Despite optimization of the decision tree, FISH alone was not found to be as accurate in classification of needle biopsies as morphology. This was because of low clonal tumour populations, inability to correctly identify miscellaneous renal neoplasms (other than RCC and OC), and frank misclassifications. The first problem could be addressed by increasing the number of nuclei scored in biopsies with low levels of detected abnormalities. Notably, in the present study, the numbers of nuclei scored were similar to other studies 33,35. The second is an inherent pitfall of the assay attributable to the assessment only of chromosomal anomalies frequent in renal cortical neoplasms and supports the role of FISH as an ancillary test to morphology to assist in classification rather than a stand-alone test using the current panel of probes. The last reason for misclassification could be accounted for by segmental duplication of chr3 (could be avoided by using a 3q26 probe for scoring 3p loss), alterations in target genes either below the resolution of detection by FISH, at other discriminatory loci not in the current panel, or by other genetic or epigenetic mechanisms of gene activation/inactivation. This is exemplified in ccRCC, where VHL can also undergo inactivation by mutation and/or methylation 17,18. Recent studies have clearly underscored the role of such mechanisms, not only in renal cancer aetiology but also in metastasis 49.

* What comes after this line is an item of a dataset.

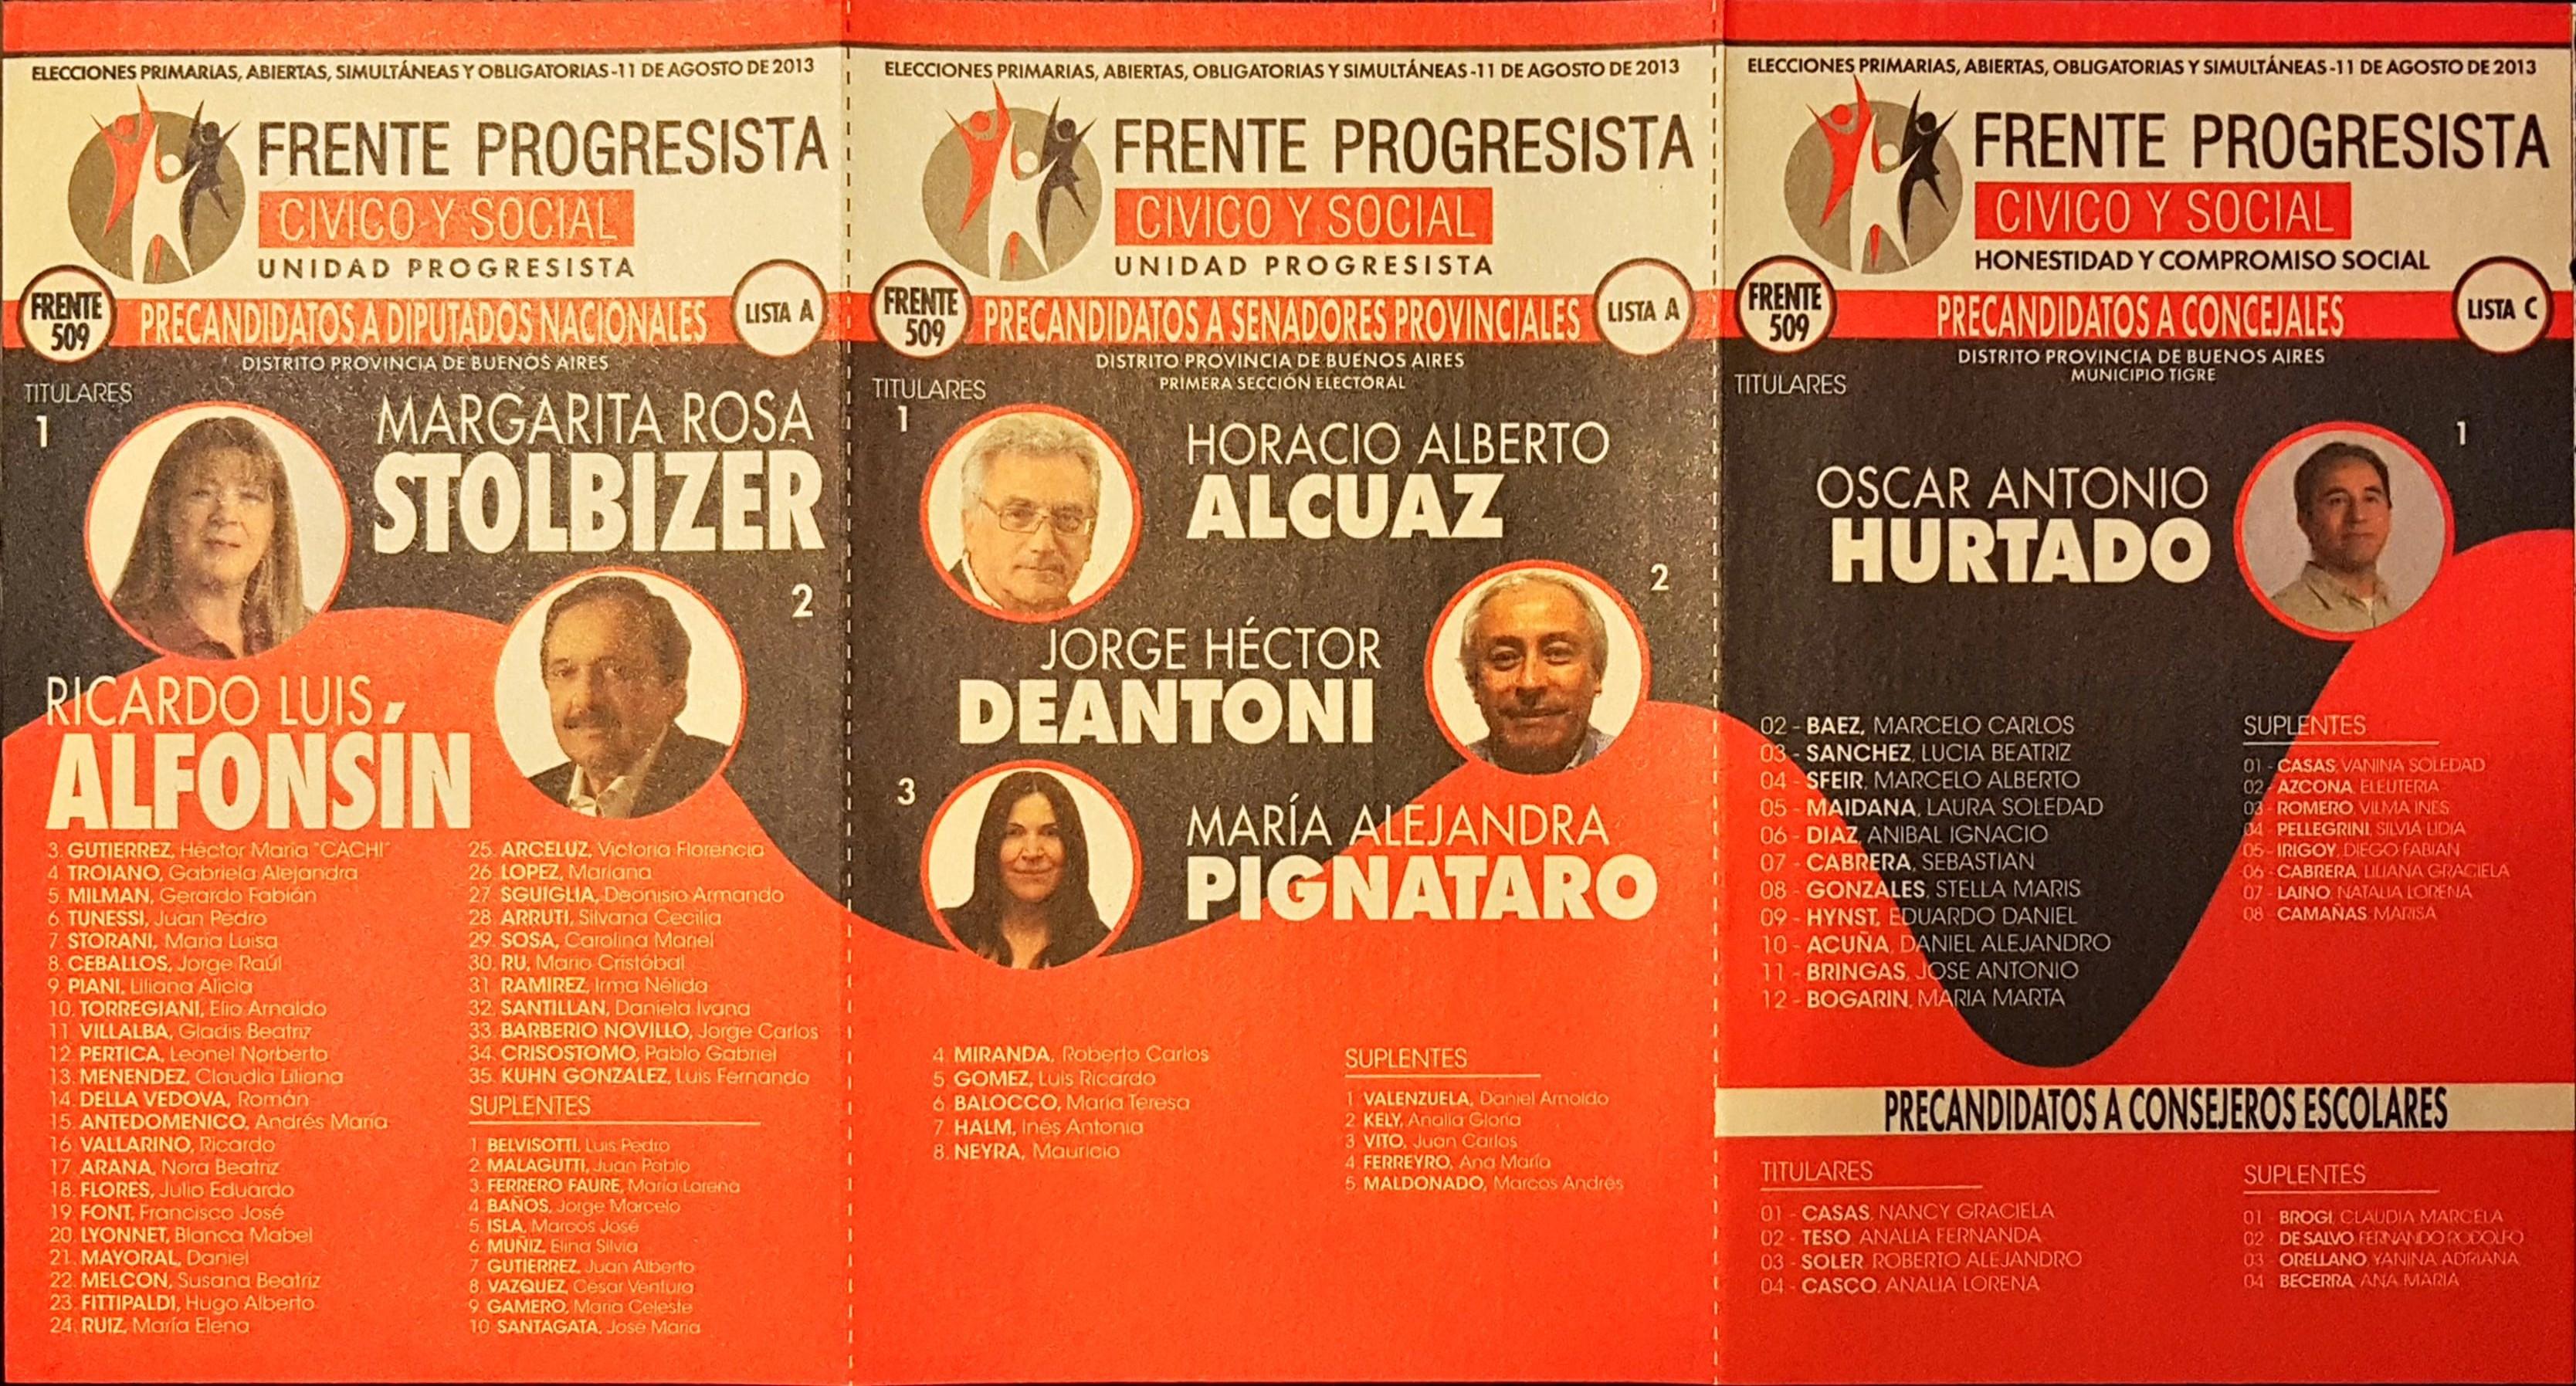 Frenteprogresistacivicosocial2013 g ephemera biblioteca e frenteprogresistacivicosocial2013 g fandeluxe Gallery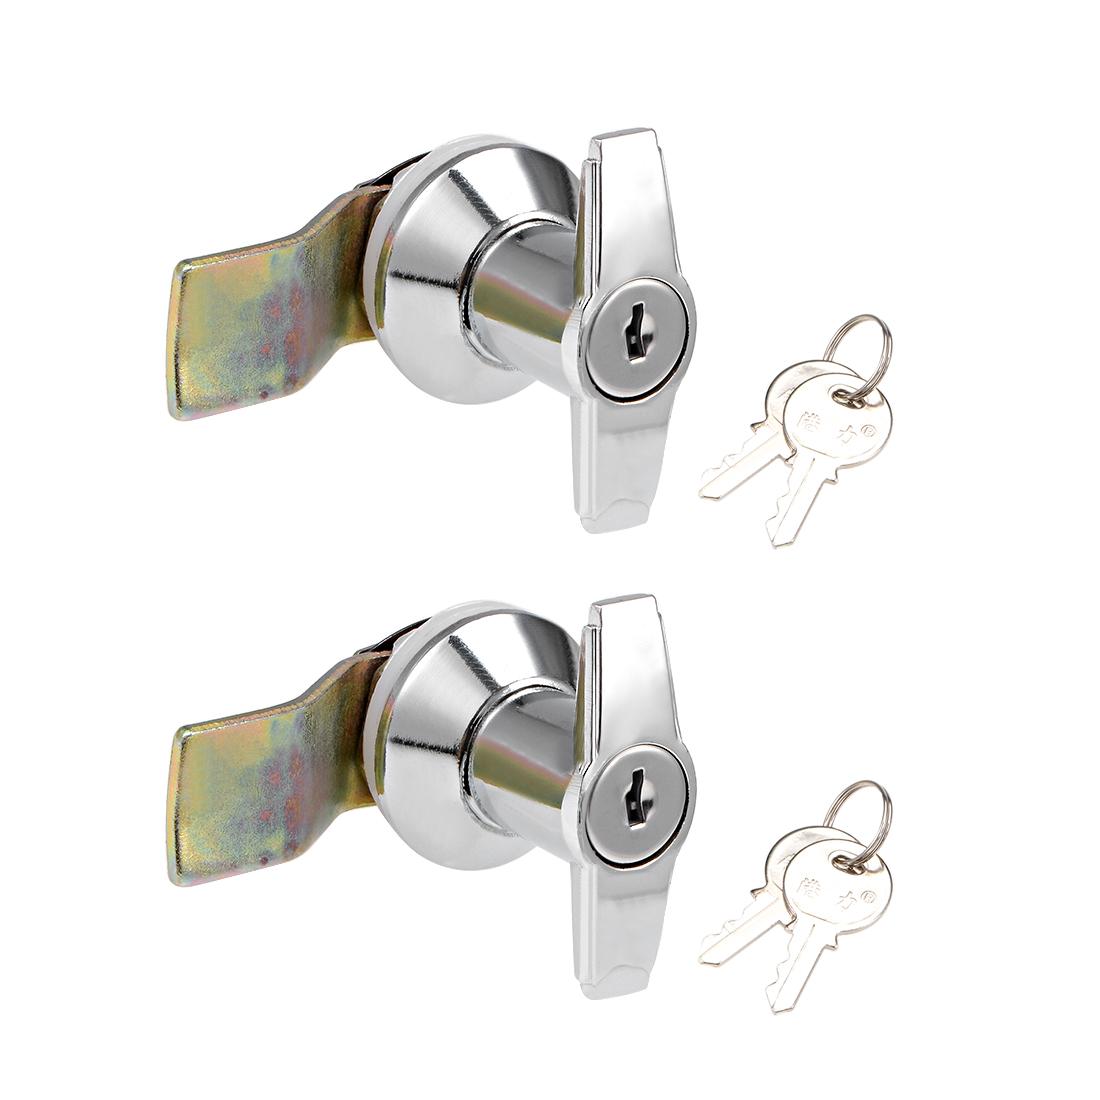 T-Handle Cam Locking Latch Keyed Shell Lock Zinc Alloy Chrome Plated 2Pcs

Image-guided needle biopsies of renal masses are currently recommended for poor surgical candidates and elderly patients with comorbidities 50. Accurate diagnosis of the limited available tissue is highly desirable, especially in the context of SRMs, wherein about one third of masses were diagnosed to be benign. About 20% of core needle biopsies in the present study were non-diagnostic by histopathology alone, reducing the potential for this procedure to assist in patient management. A supporting role for FISH in renal tumour classification of needle biopsies was demonstrated in this ex vivo study to enhance the overall diagnostic accuracy by 16% compared with histopathology alone. The greatest diagnostic potential for the FISH assay was evident for SRMs that were non-diagnostic by core biopsy histology. The FISH assay also exhibited the potential to diagnose ‘unclassified-RCC’ specimens, exemplified by specimen K-67 that was correctly classified by FISH as OC. In addition, FISH was found to be particularly superior for the detection of OC, a benign subtype for which active surveillance is recommended, avoiding overtreatment, an important consideration in an older frail population. The diagnostic accuracy of FISH testing of core needle biopsies instead of FNA biopsies requires further evaluation; however, given the overall limited tissue availability of needle biopsy specimens, it is feasible that other DNA-based assays, including a comparative genomic hybridization to permit evaluation of genomic gain/loss at additional loci not targeted by FISH, targeted massively parallel sequencing for select genes, and methylation, or a combination thereof with FISH could be implemented to improve the overall accuracy of diagnosis. The costs of performing and the reporting times of these higher complexity assays become important considerations in routine renal mass patient care and management. Comparison of the diagnostic accuracy of these methodologies in a clinical setting is warranted.